The problem is _there are too many signals_ , only made _worse_ \- not better
- by mass surveillance (making the "hay" in which to find the needle _bigger_
and all that). Here's an excerpt from Schneier in 2005:

 _> Let's look at some numbers. We'll be optimistic -- we'll assume the system
has a one in 100 false-positive rate (99 percent accurate), and a one in 1,000
false-negative rate (99.9 percent accurate). Assume 1 trillion possible
indicators to sift through: that's about 10 events -- e-mails, phone calls,
purchases, web destinations, whatever -- per person in the United States per
day. Also assume that 10 of them are actually terrorists plotting.

> This unrealistically accurate system will generate 1 billion false alarms
> for every real terrorist plot it uncovers. Every day of every year, the
> police will have to investigate 27 million potential plots in order to find
> the one real terrorist plot per month. Raise that false-positive accuracy to
> an absurd 99.9999 percent and you're still chasing 2,750 false alarms per
> day -- but that will inevitably raise your false negatives, and you're going
> to miss some of those 10 real plots.

> This isn't anything new. In statistics, it's called the "base rate fallacy,"
> and it applies in other domains as well. For example, even highly accurate
> medical tests are useless as diagnostic tools if the incidence of the
> disease is rare in the general population. Terrorist attacks are also rare,
> any "test" is going to result in an endless stream of false alarms.

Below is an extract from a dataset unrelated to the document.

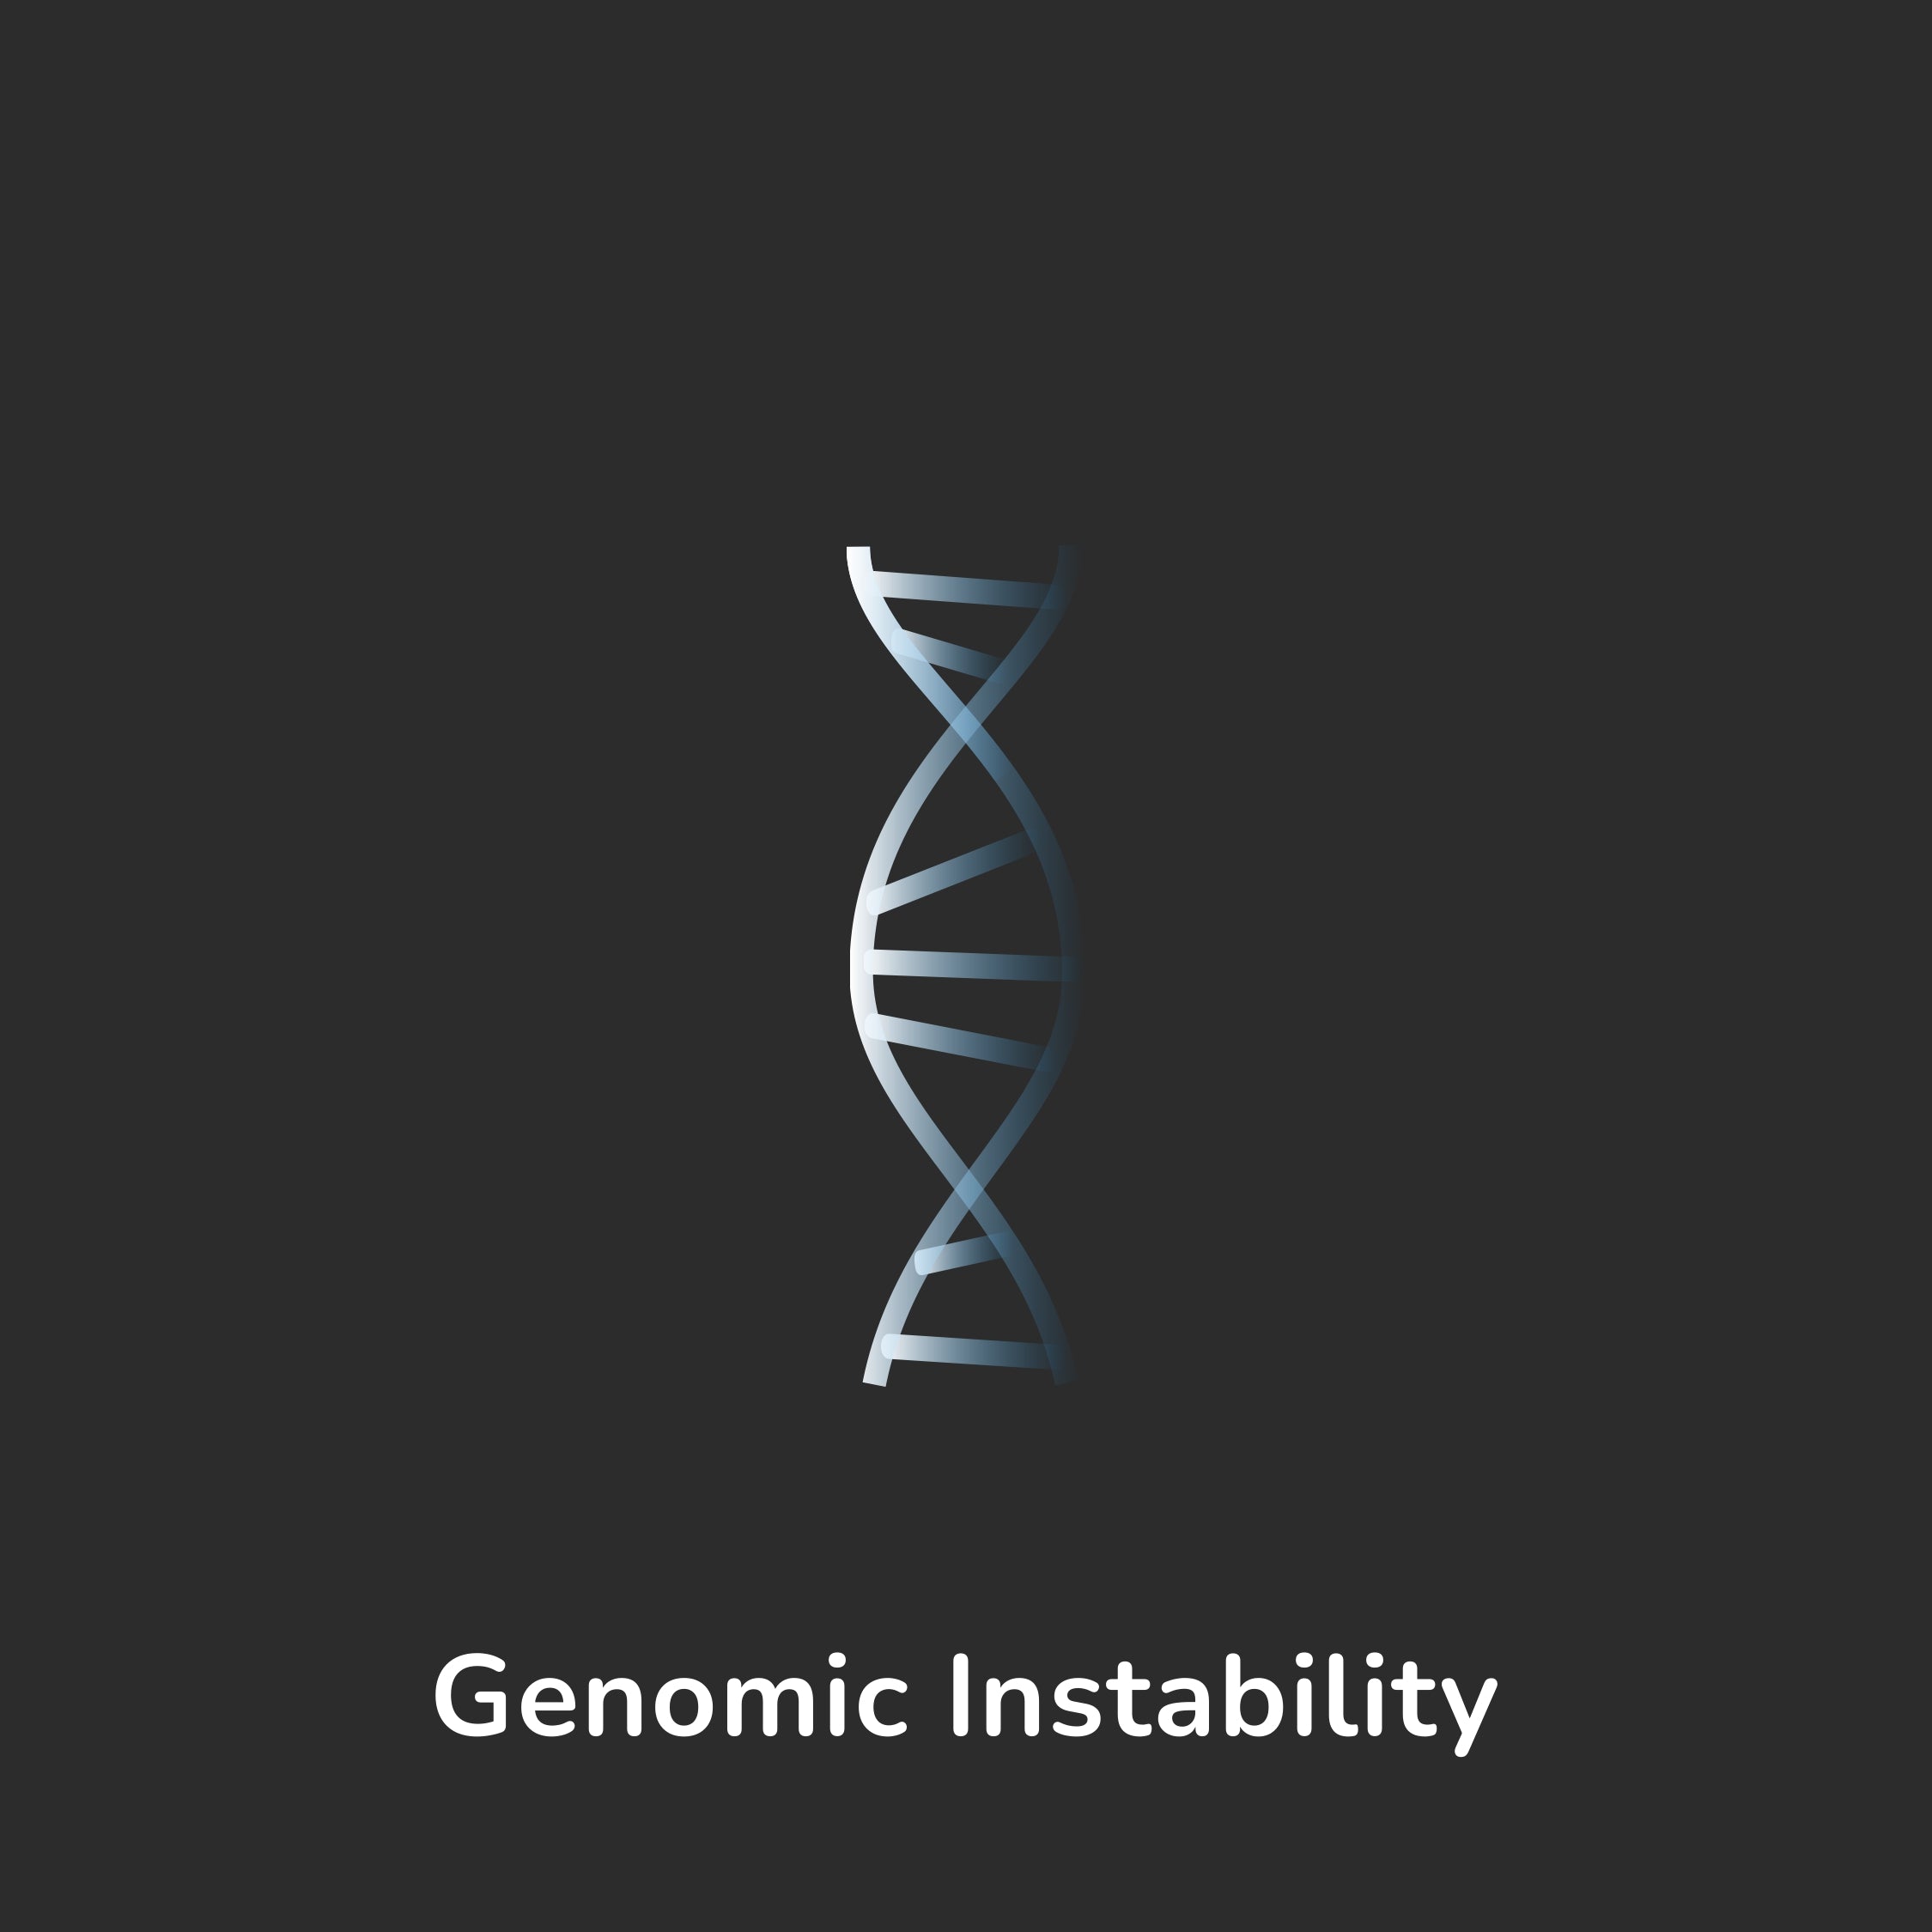 Aging Hallmark - Genomic Instability

> This is exactly the sort of thing we saw with the NSA's eavesdropping
> program: the New York Times reported that the computers spat out _thousands
> of tips per month _. Every one of them turned out to be a false alarm_.

99.9% and 99.9999% accuracy and you still get those huge false positive
numbers. Even the drone strike program has _much_ lower accuracy than that
(yes, they do kill people based on "mostly assumptions" that they are
terrorists, if that's news to anyone). I mean, in the US, they start spying on
people if they have a >51% of not being an American (an amazingly low
threshold - basically flipping a coin). So - maybe it's time to admit that
mass surveillance is actually detrimental to catching these guys and that
these spy agencies are _hurting_ national security?

[https://www.schneier.com/essays/archives/2005/03/why_data_mi...](https://www.schneier.com/essays/archives/2005/03/why_data_mining_wont.html)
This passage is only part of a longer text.